Wednesday, November 18, 2009

Desire is a funny thing

Paris is like a woman on her period, filled with racing hormones, swelling beauty, and inexplicable bitchiness. I not only appreciate it, I can relate. This Paris I understand. She is dirty and lethargic. Her elegant face is dotted with scores of stores hawking their wares. But she has both grand and petite moments of beauty, charm, and utter delight. I am lonely here. I have been completely ignored by everyone except foreigners and horny men that are still under the delusion that Americans are easy. Although I must say, virtually no one has been rude to me. They have returned my smiles and tolerated my completely incomprehensible French. All the same, I am comforted by the city, its buildings, its art, its age. Like the Parisian woman, Paris itself has aged gracefully.
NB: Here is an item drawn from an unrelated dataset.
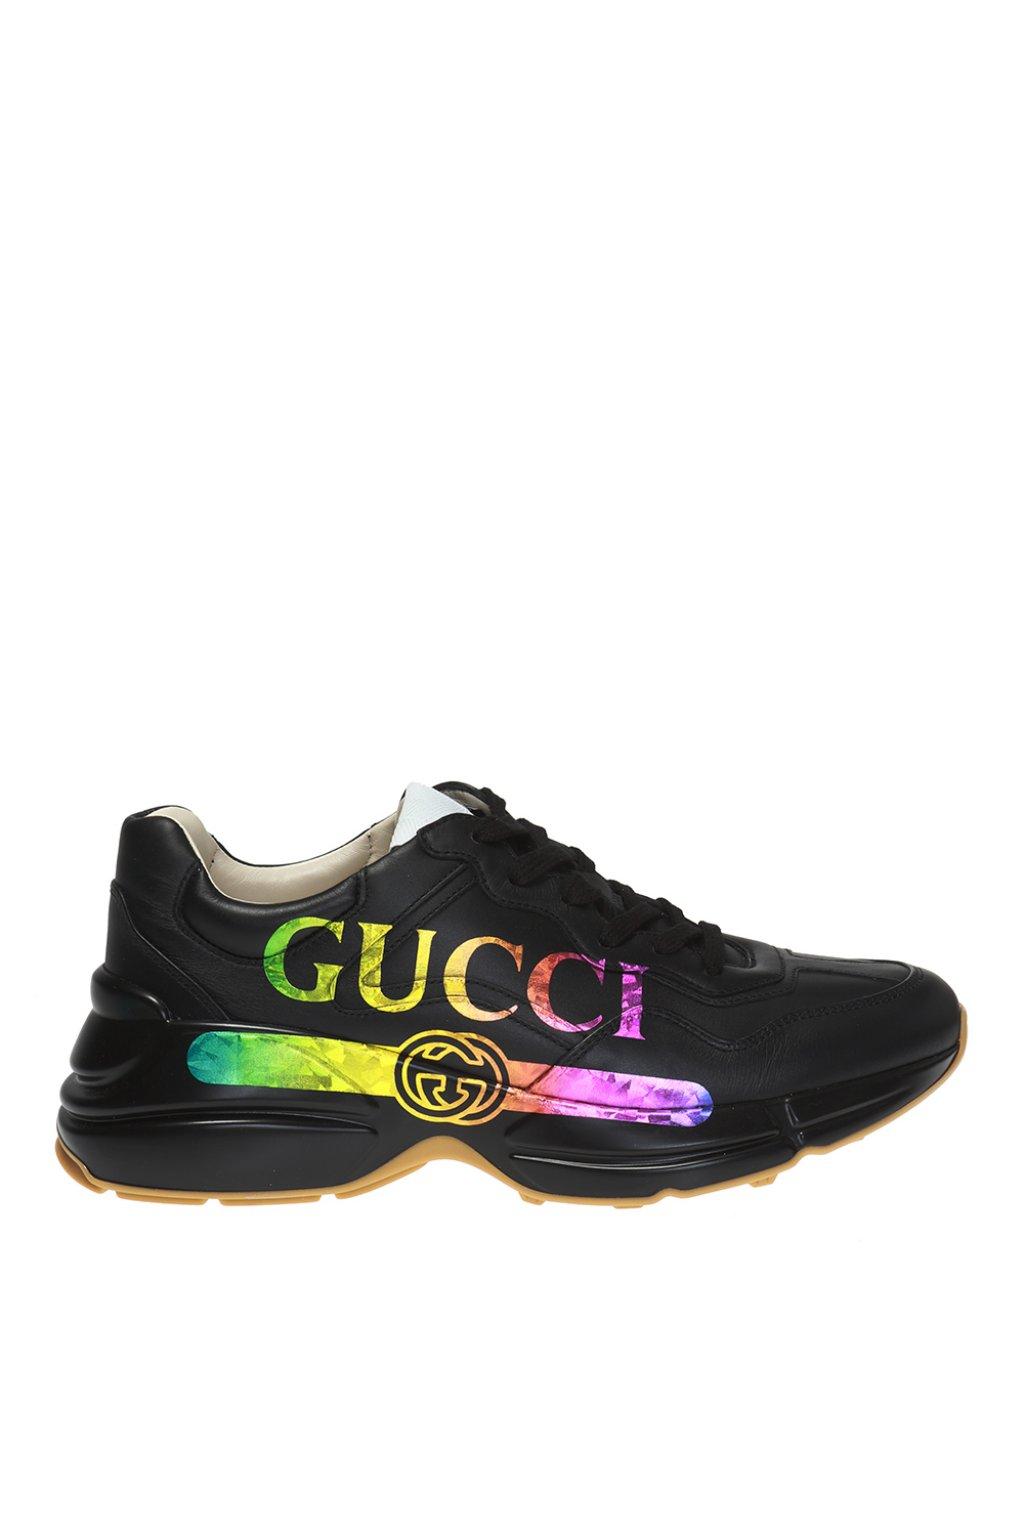 gucci rainbow logo

Besides, being lonely is interesting to me, despite the sadness it brings. I have come to realize how easily others can influence me. I almost don’t want to break the spell and make friends. My thoughts here are truly my own. As I sit with them, I find a pleasure that is completely new to me. How is it that an intelligent and strong woman can reach 37 years of age and not know herself? And how did I become such a ridiculous cliché?

I am now free to meander through my desires as I choose. To be honest, I am mostly lost, completely lost. I have no idea how to tell which thoughts are folly and which are fiercely honest. A lifetime of trying to be what others want has left me wondering how to identify what I truly want. Without a person to approve of my decisions, I find myself swayed by my daily activities. Maybe I want to teach French or Italian. Never mind that I can’t find the correct rhythm or pronunciation. Maybe I should find a way to eat for living. Never mind that staying relatively thin and healthy has always been more important to me that eating. Who is this woman? What do these desires really mean? How am I, a woman who has spent a great deal of time being very selfish but very little time thinking about what I truly want, supposed to interpret these desires?